What Can Our Bodies Do for Each Other?
Drugs, Death, Divorce, Sex, Abortion, Procrastination, and My Body.
I am writing this love letter to you, because the thing that I am supposed to be writing is scraping like sandpaper against my soul. It is haunting my home (and the long, creaky, cobwebbed hallways of) my brain like a ghost. But the presence of another ghost has made a home in my body, and my heart has jumped off a long, tall dock into a freezing, swirling ocean of all the ways—real and imagined— in which we could have used our bodies to see him, know him, love him, keep his body here and safe and upright and caring for other bodies in the ways only he knew how to do.
It’s a golden October morning.My friends are sending me memes from accounts called @jurtle_boi and @ptsd.eezenuts. My dog is curled and snoozing beside me, my iced coffee is iced-coffee-ing through my veins, my body is safe and warm and has been touched and loved and sung to by some of its favorite other bodies in all the ways it likes.
Yesterday was my dead ex-husband’s birthday. He would have turned 36. I woke up both looking and not looking for signs of him, for some tangible proof that he had a body. That his body once existed on this planet (and proof that my body existed only in relation to his for nearly a decade, beginning the year I turned 18). It doesn’t anymore, though, my body. His body isn’t here on earth with the rest of the bodies it played music with, argued with, was fed by, kissed, hurt, ignored, created, gave bottles of milk to. It never grew old.
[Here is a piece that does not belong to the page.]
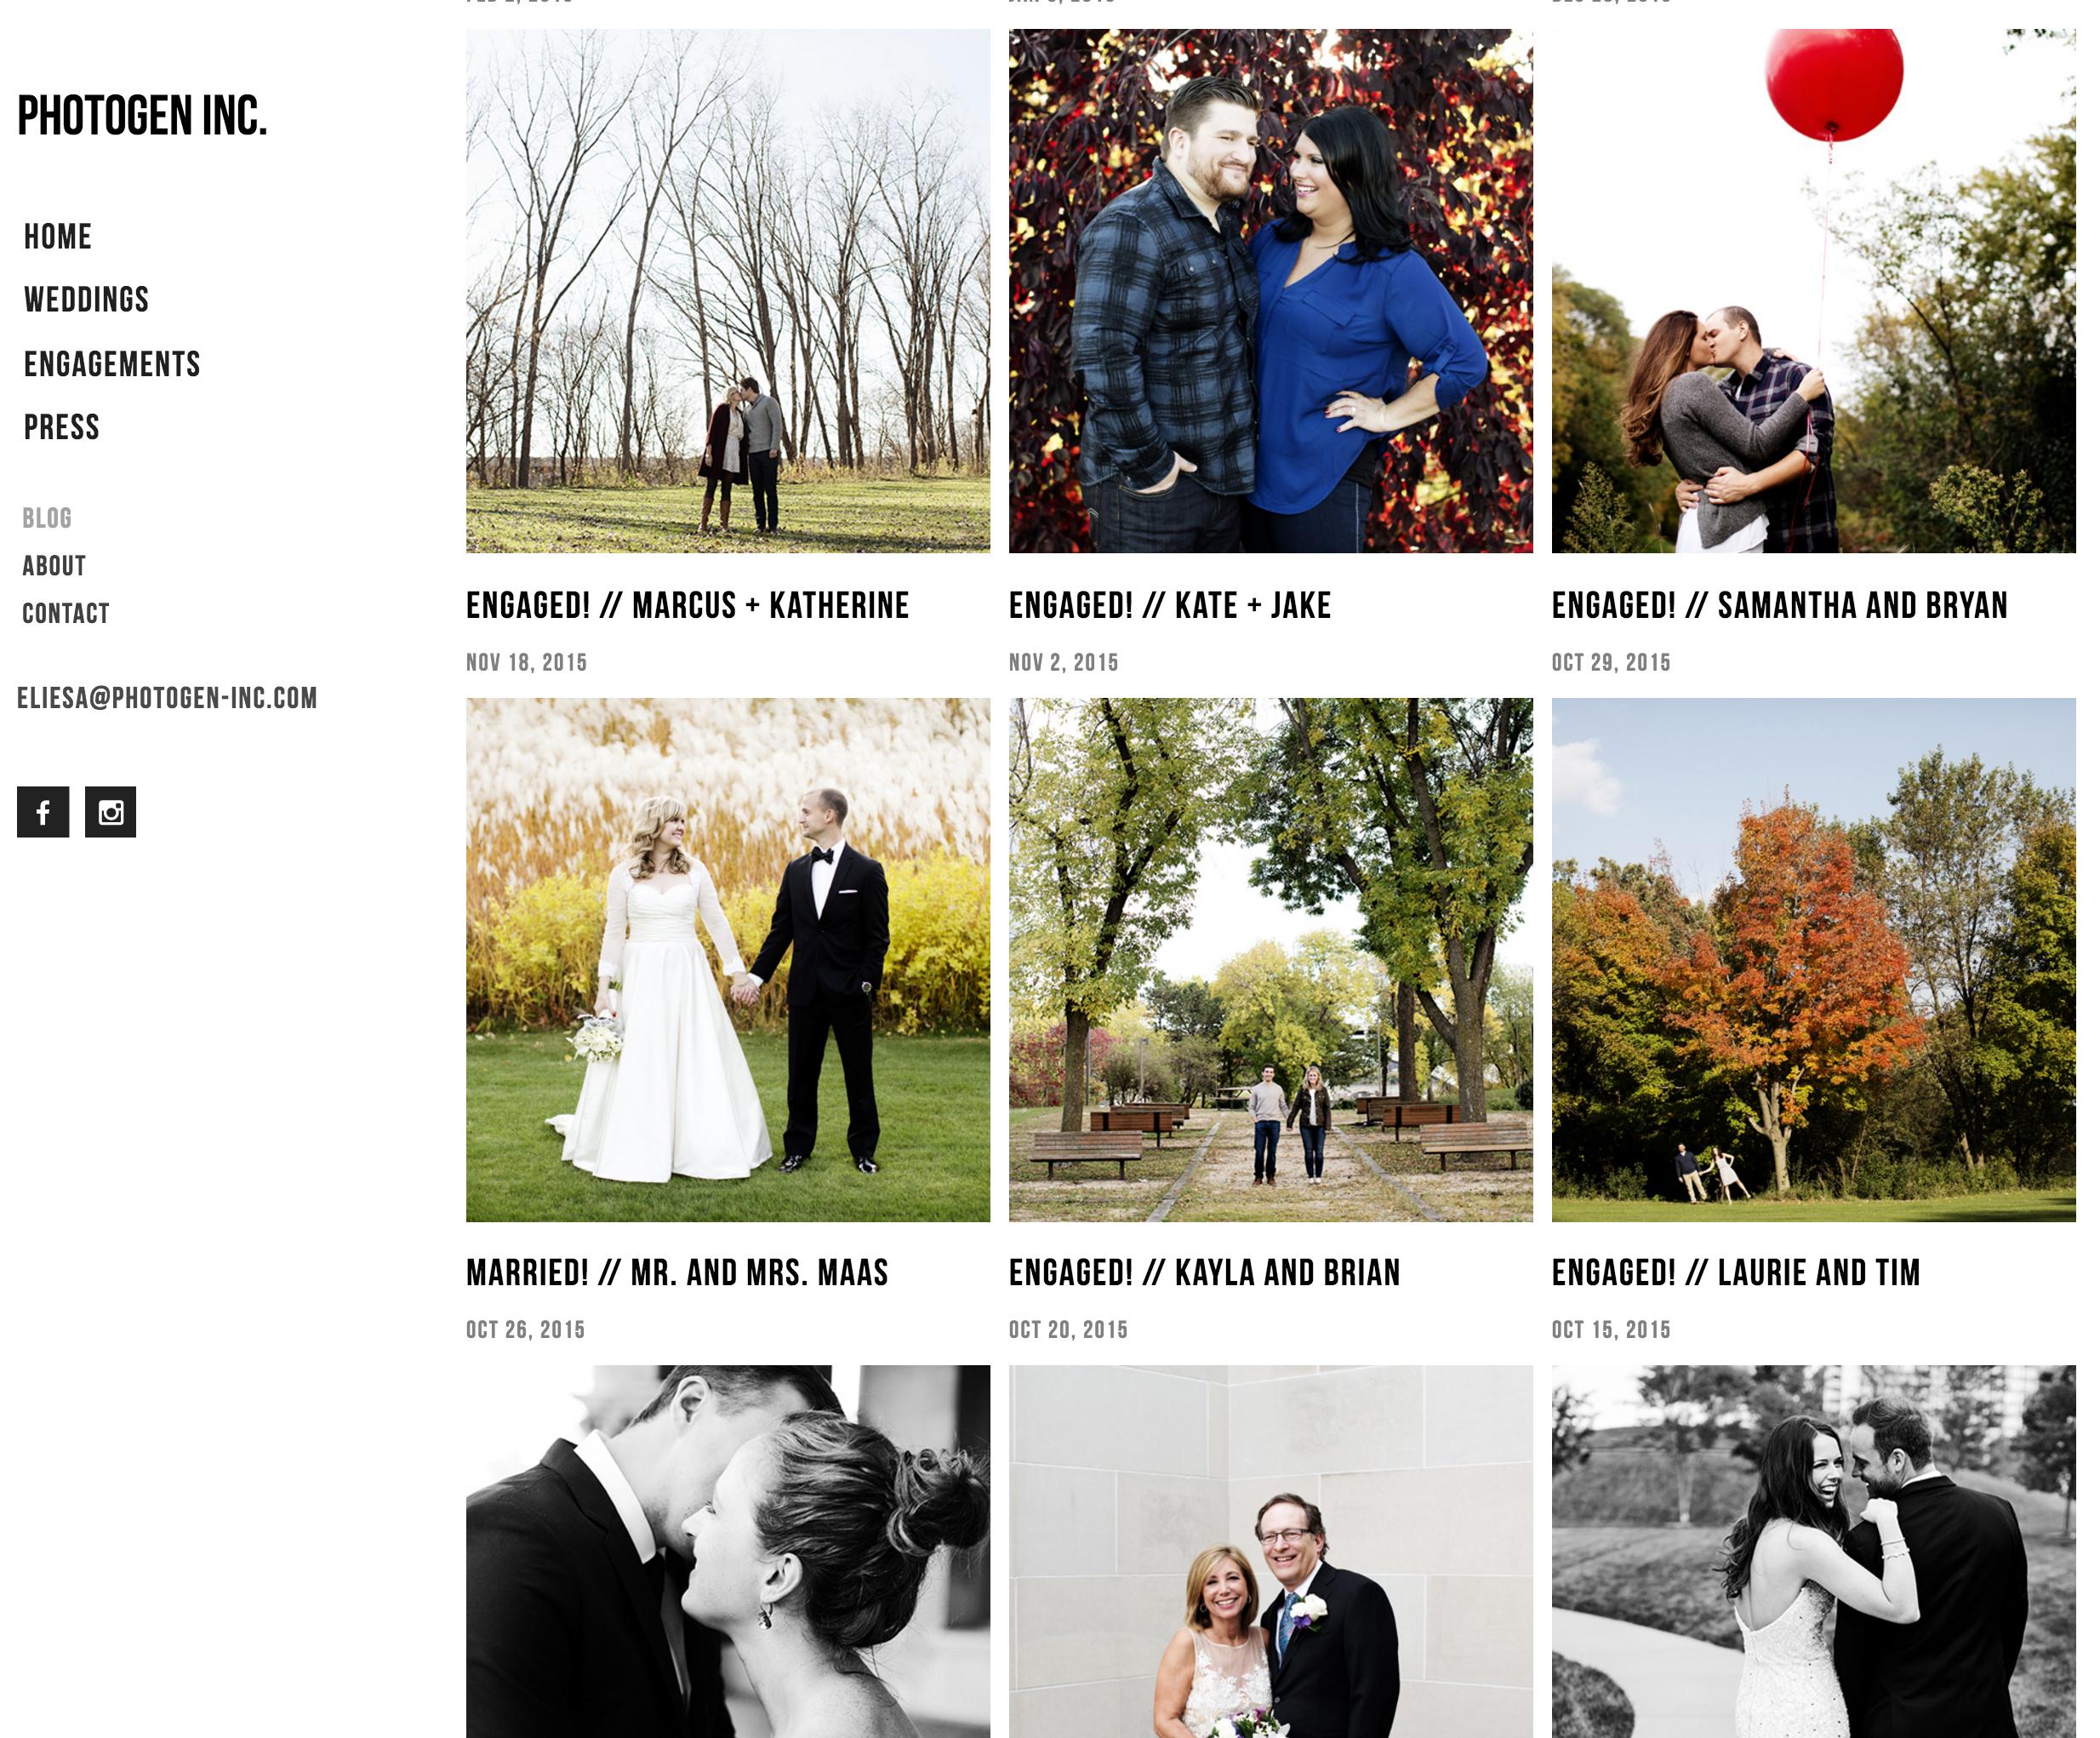 Minneapolis Wedding Photographer | Photogen Inc. | Eliesa Johnson
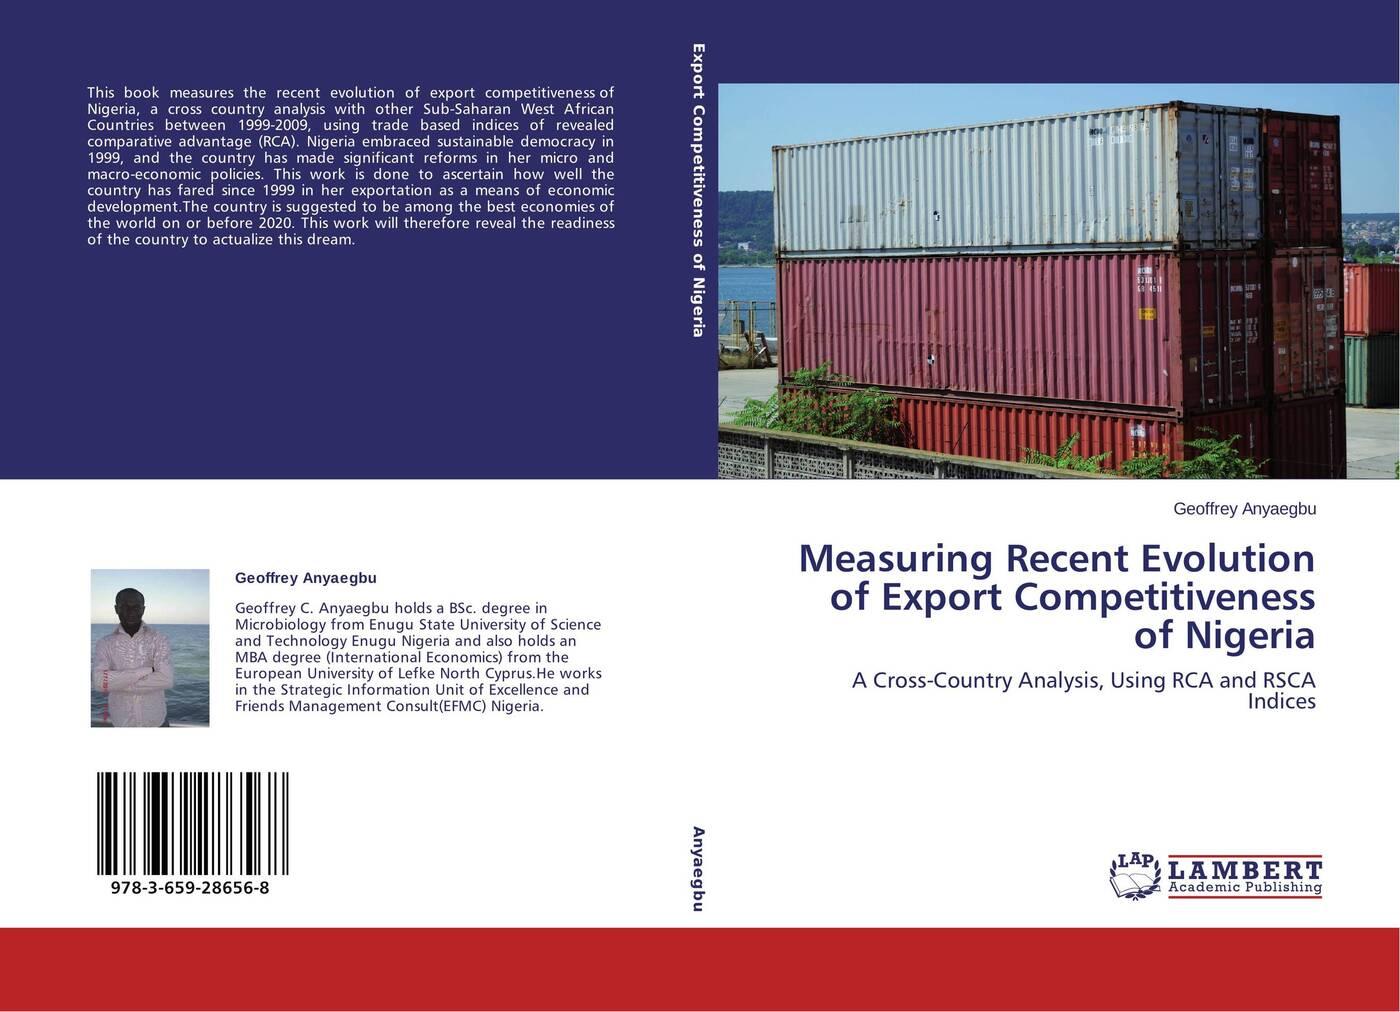 Geoffrey Anyaegbu Measuring Recent Evolution of Export Competitiveness of Nigeria все цены

It doesn’t touch his mother’s body or his two childrens’ bodies or anyone else’s bodies, anymore.
I have a flight today for work, his sister—once and forever my sister, too, somehow, I don’t know why our love for each other works this way but it still does, though no court nor DNA test would allow it—texted me.
I told our mom I’d say happy birthday in the sky since I’ll be closer.
I thought about Ocean Vuong writing, The most beautiful part of your body is where it’s headed. I thought about my sister’s body, hurtling through the clouds toward its next purpose. Mine wasn’t in the sky, though, yesterday. My body was here on earth, feeling heavier than ever.
I thought about what our bodies can give each other, while they’re still on earth together—a very very short time, in the end. I thought about the ways in which our bodies can care for one another, no matter if and how they feel like touching or being around each other that much. No matter the pain inflicted on one by the other. No matter the collisions, the bruises, the mismatched paces, the forgotten choreography, the distance we put between them.